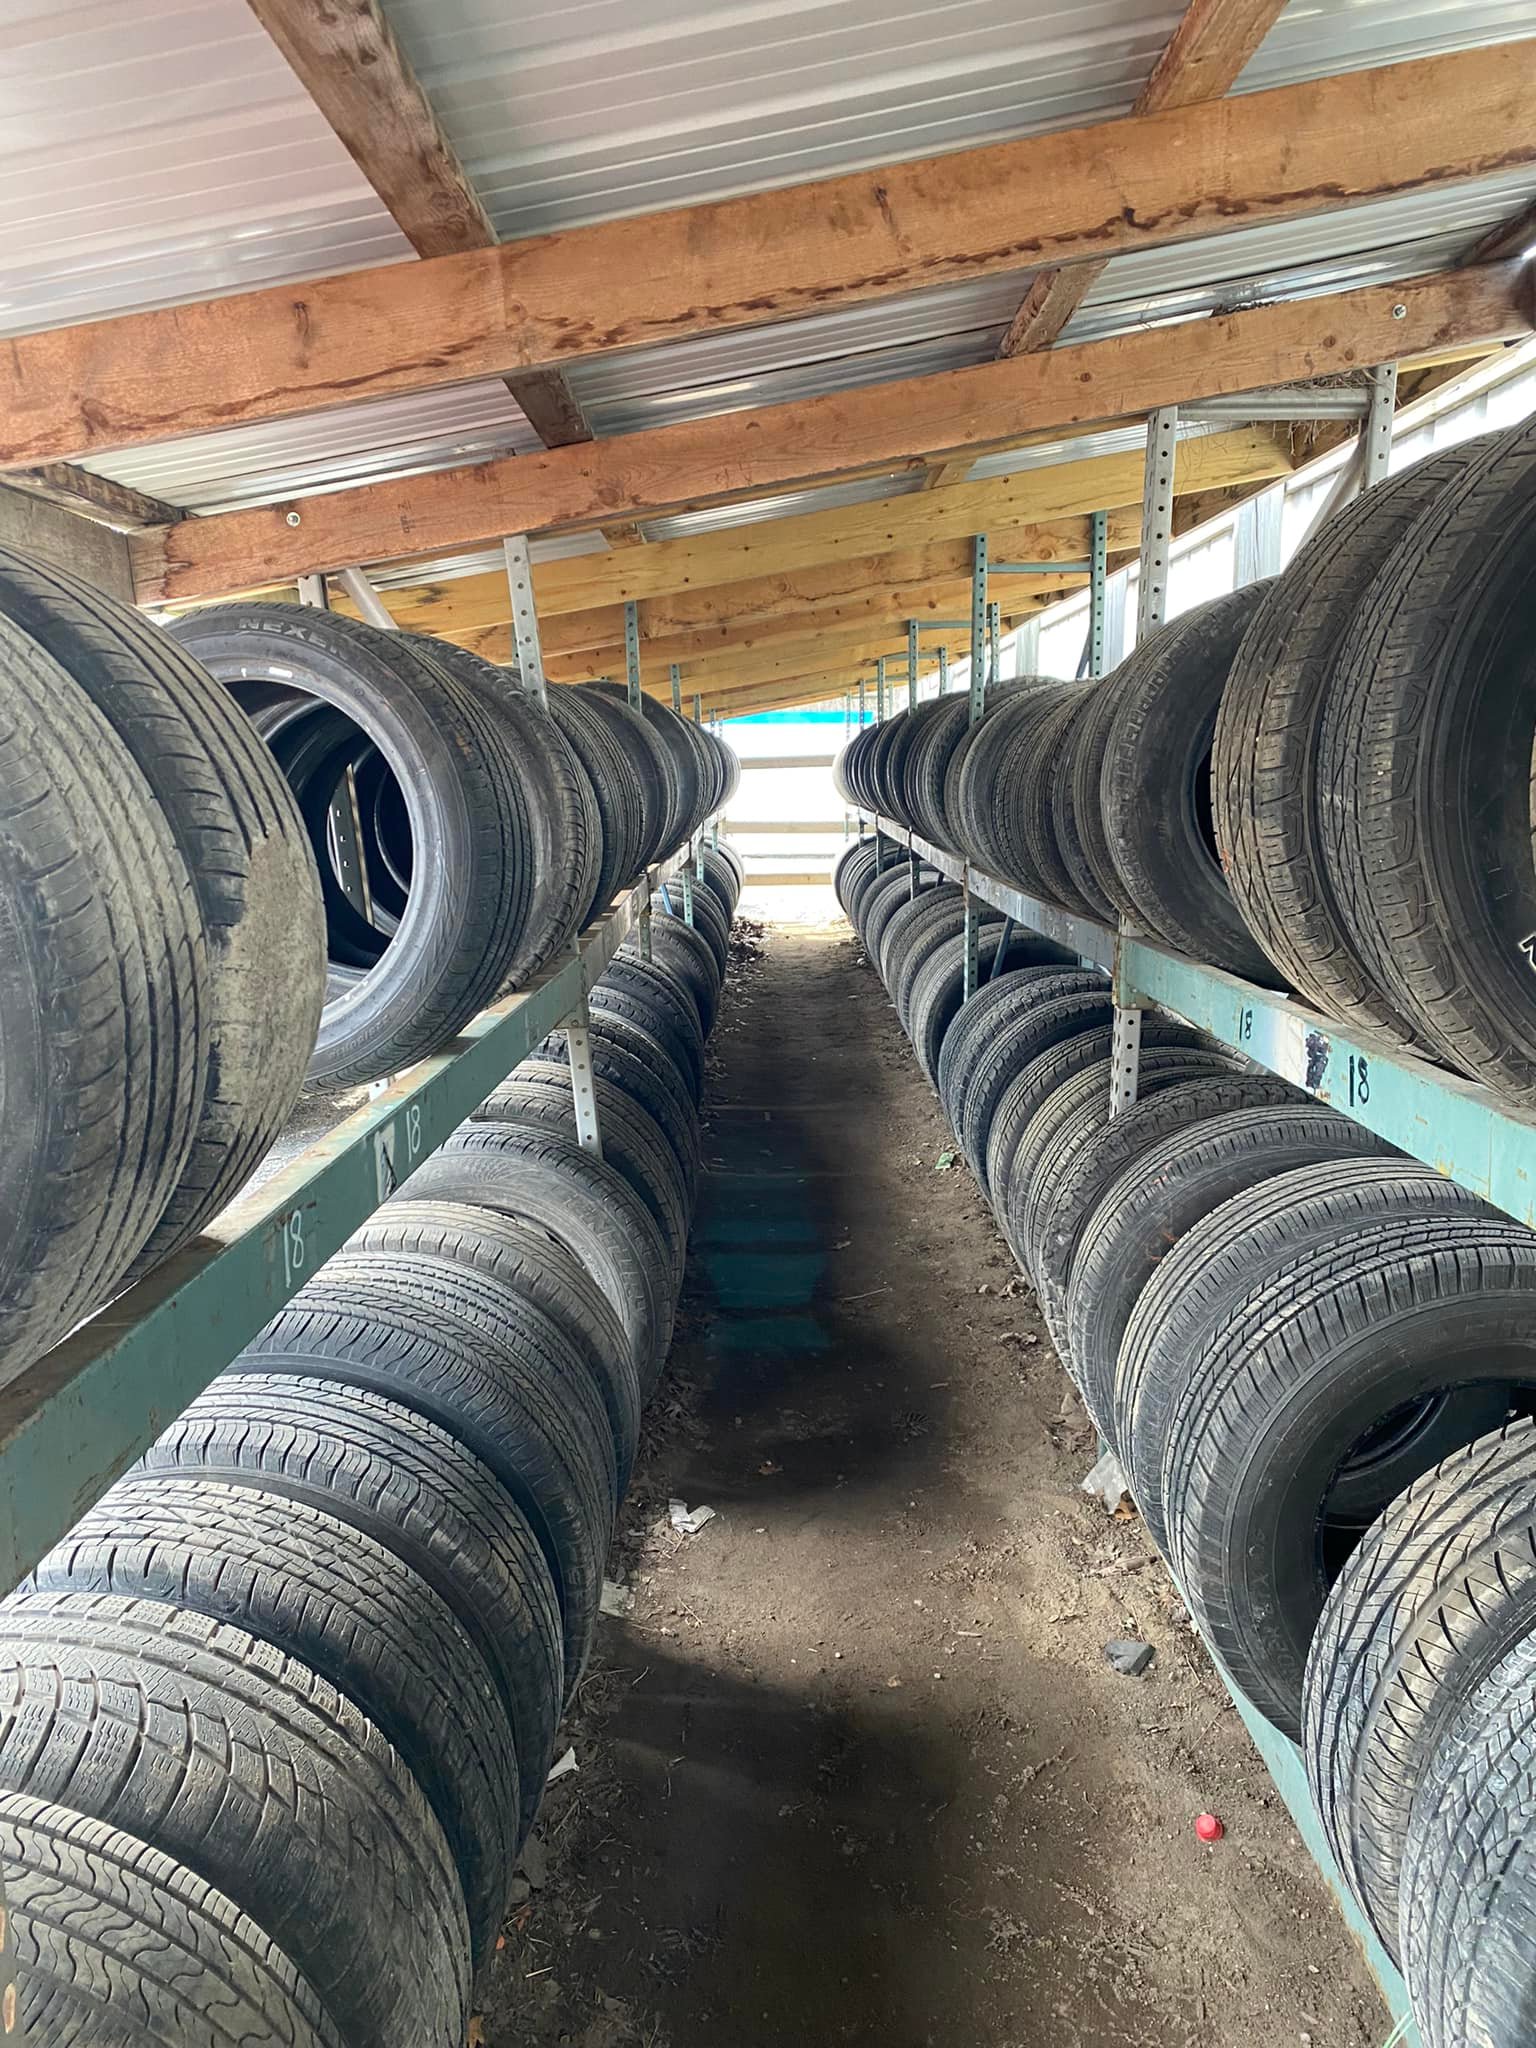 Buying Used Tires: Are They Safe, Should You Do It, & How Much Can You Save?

━━━━━━

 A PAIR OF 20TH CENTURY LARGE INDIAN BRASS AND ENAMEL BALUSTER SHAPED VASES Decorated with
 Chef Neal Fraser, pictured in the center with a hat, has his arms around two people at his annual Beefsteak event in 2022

━━━━━━

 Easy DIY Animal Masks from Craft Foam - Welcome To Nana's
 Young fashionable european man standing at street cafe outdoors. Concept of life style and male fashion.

━━━━━━

TASK OBJECTIVE
Leave out every line above except those from the line with "A PAIR OF 20TH" up to and including the line with "Chef Neal Fraser, pictured", and copy those exactly.

RESULT
 A PAIR OF 20TH CENTURY LARGE INDIAN BRASS AND ENAMEL BALUSTER SHAPED VASES Decorated with
 Chef Neal Fraser, pictured in the center with a hat, has his arms around two people at his annual Beefsteak event in 2022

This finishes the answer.